Wikipedia macht Google-Löschanträge publik
Die Wikimedia Foundation, Herausgeber der Online-Enzyklopädie Wikipedia, hat ihren ersten Transparenzbericht veröffentlicht. Er beinhaltet auch Einzelheiten zu Löschanträgen, die Google im Hinblick auf Wikipedia-Artikel erhalten hat. Demzufolge hat der Internetkonzern insgesamt 57 Links zu Wikipedia-Inhalten aus dem Index seiner europäischen Suchmaschinen gelöscht.
Über 50 Löschanfragen beziehen sich auf Artikel der niederländischen Wikipedia-Ausgabe. Ferner wurden je zwei Verweise auf Beiträge in Italienisch und Englisch entfernt. “Wir wissen nicht, wer die Entfernung beantragt hat”, teilte die Wikimedia Foundation mit. “Uns sind Verfahren anderer Suchmaschinen oder Zahlen zu Löschanträgen, die sie erhalten und umgesetzt haben, nicht bekannt”, teilt die Wikimedia Foundation mit.
Die Stiftung hat den Transparenzbericht auch genutzt, um die von Wikipedia-Gründer Jimmy Wales geäußerte Kritik am Urteil des Europäischen Gerichtshofs zum Recht auf Vergessen, welches die Basis für die Löschanträge darstellt, zu erneuern. “Menschen den Zugang zu relevanten und neutralen Informationen zu verweigern, widerspricht dem Ethos und den Werten der Wikimedia-Bewegung”, schreiben Geoff Brigham, General Counsel der Wikimedia Foundation, und seine Kollegin Michelle Paulson in einem Blogbeitrag.

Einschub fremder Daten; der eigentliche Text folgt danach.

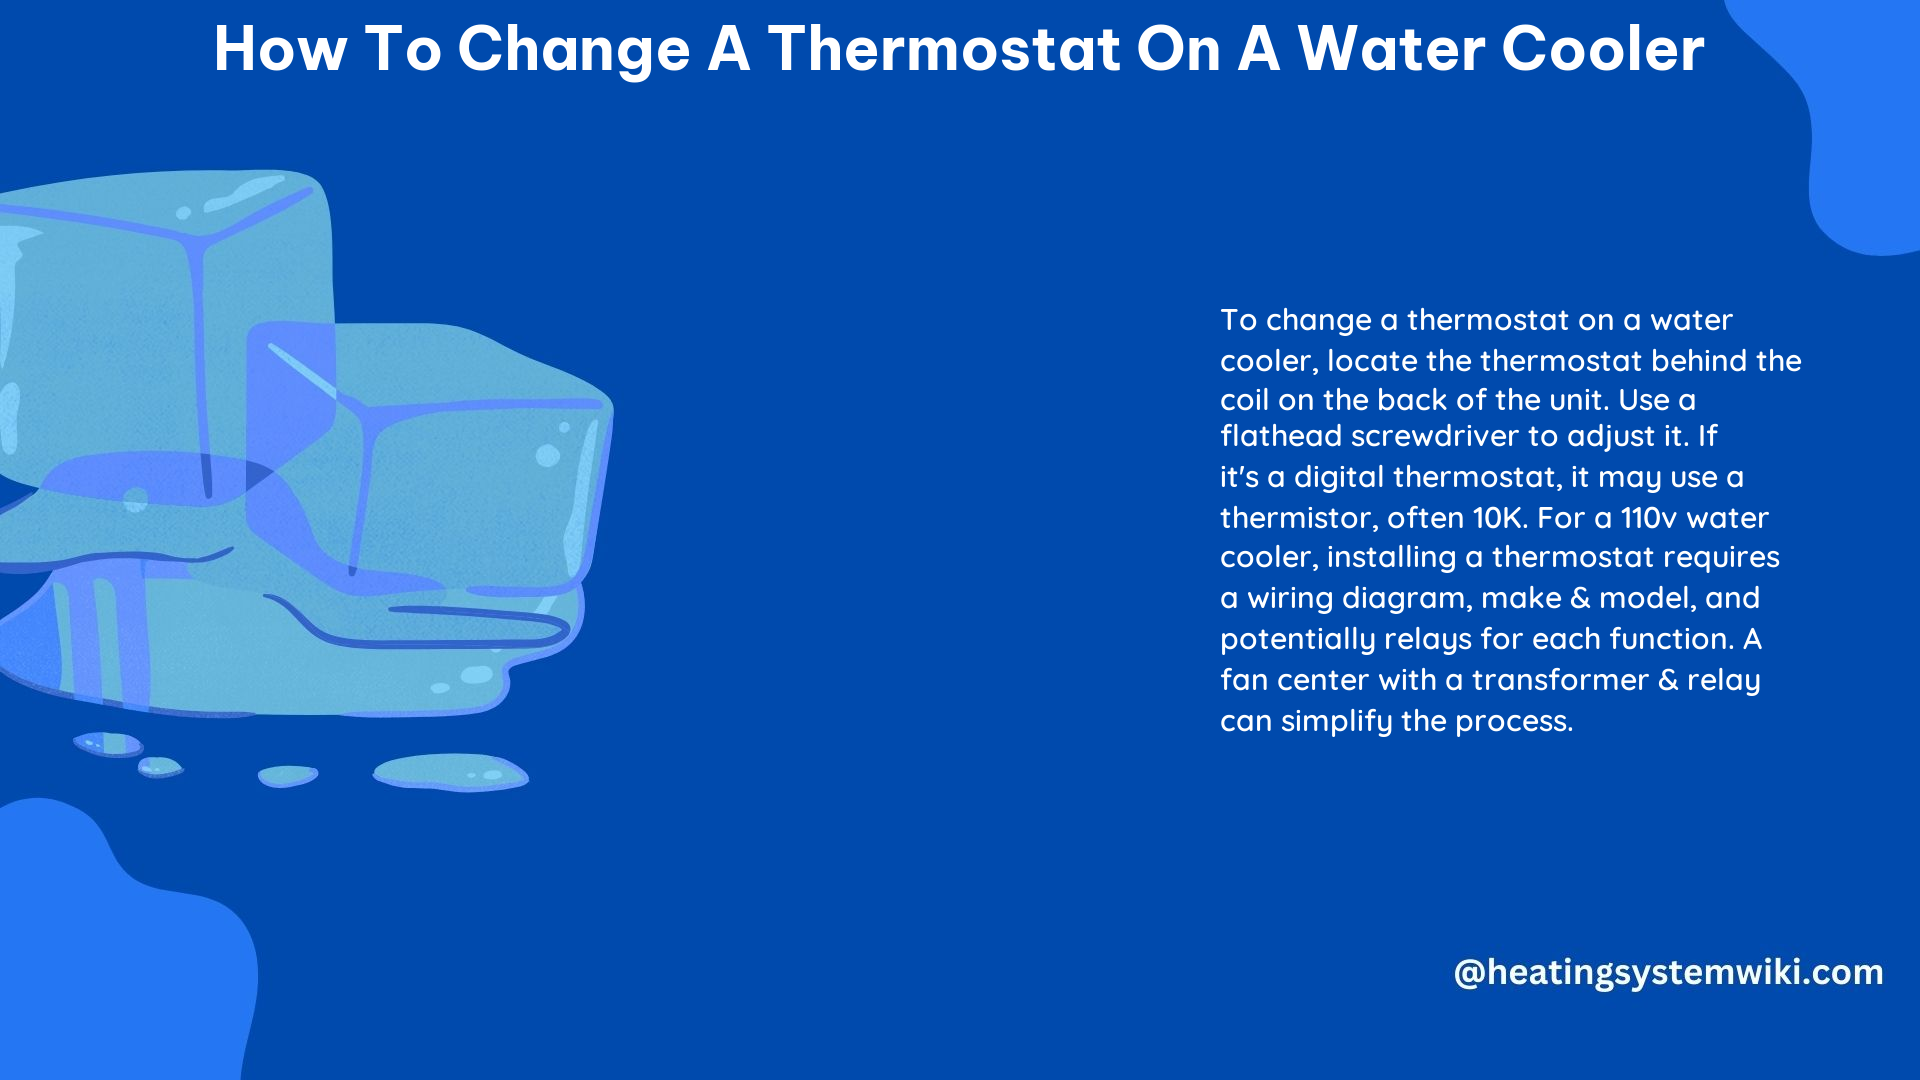 How to Change a Thermostat on a Water Cooler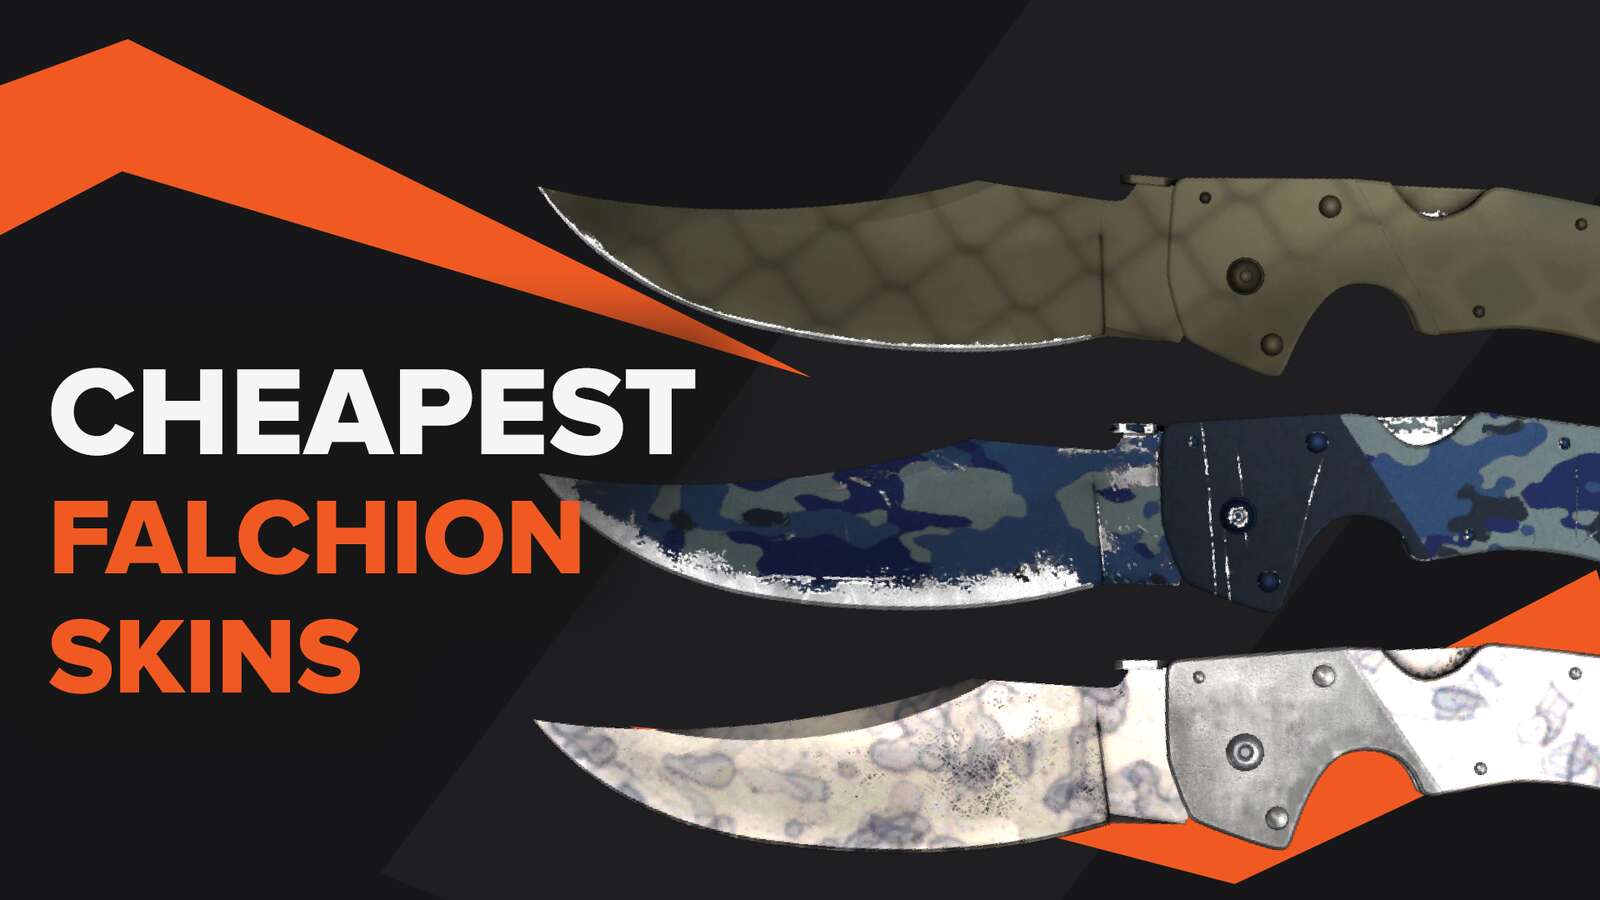 Cheapest Falchion Knife Skins in CSGO

Da es für Suchmaschinen nicht obligatorisch sei, betroffene Websites über die Entfernung von Verweisen in Kenntnis zu setzen, hätten andere Suchmaschinen Links – womöglich ohne Wissen der Wikimedia Foundation – aus ihren Ergebnislisten gestrichen. “Das Fehlen transparenter Richtlinien und Verfahren ist nur einer von vielen Fehlern in dem europäischen Urteil”, heißt es weiter in dem Blogeintrag.
Das Urteil des EuGH “untergräbt die Möglichkeit, online frei auf akkurate und überprüfbare Berichte zuzugreifen”, kritisierte The Next Web zufolge Lila Tretikov, Executive Director der Wikimedia Foundation. Der EuGH habe seine Verantwortung abgegeben, dass EU-Bürger in der Lage seien, Informationen zu suchen und zu erhalten. Sie warnte zudem vor “Gedächtnislücken”, wenn es möglich sei, “unbequeme Informationen” einfach entfernen zu lassen. “Als Folge verschwinden akkurate Suchergebnisse in Europa, ohne echte Beweise, ohne rechtliche Überprüfung und ohne Einspruchsmöglichkeit.”
Der EuGH hatte im Mai entschieden, dass Suchmaschinen unter bestimmten Umständen personenbezogene Suchergebnisse löschen müssen. Google hat das Urteil zwar ebenso kritisiert, gleichzeitig jedoch auch versucht, die Anweisungen des Gerichts umzusetzen. Bis zum 18. Juli sind eigenen Angaben zufolge 91.000 Löschanfragen eingegangen, die Bezug auf über 328.000 Websites nehmen. Bislang entfernt Google Links nur in seinen europäischen Suchmaschinen – über Google.com lassen sich die Inhalte daher weiterhin abrufen.
Zudem sieht der Internetkonzern zu Einzelheiten der Entscheidung offenbar noch erheblichen Diskussionsbedarf. Ende Juli forderte Google seine Nutzer auf, bis zum 11. August Stellungnahmen und Fachbeiträge zu Fragen rund um das Urteil einzureichen. Sie sollen von Googles Experten-Beirat geprüft werden. Unter anderem geht es Google um eine Definition der Verantwortungsbereiche von Suchmaschinen, Datenschutzbehörden, Websitebetreibern und Einzelpersonen. Es will zudem klären, ob die Öffentlichkeit ein Recht hat, Details zu den Löschanträgen zu erfahren.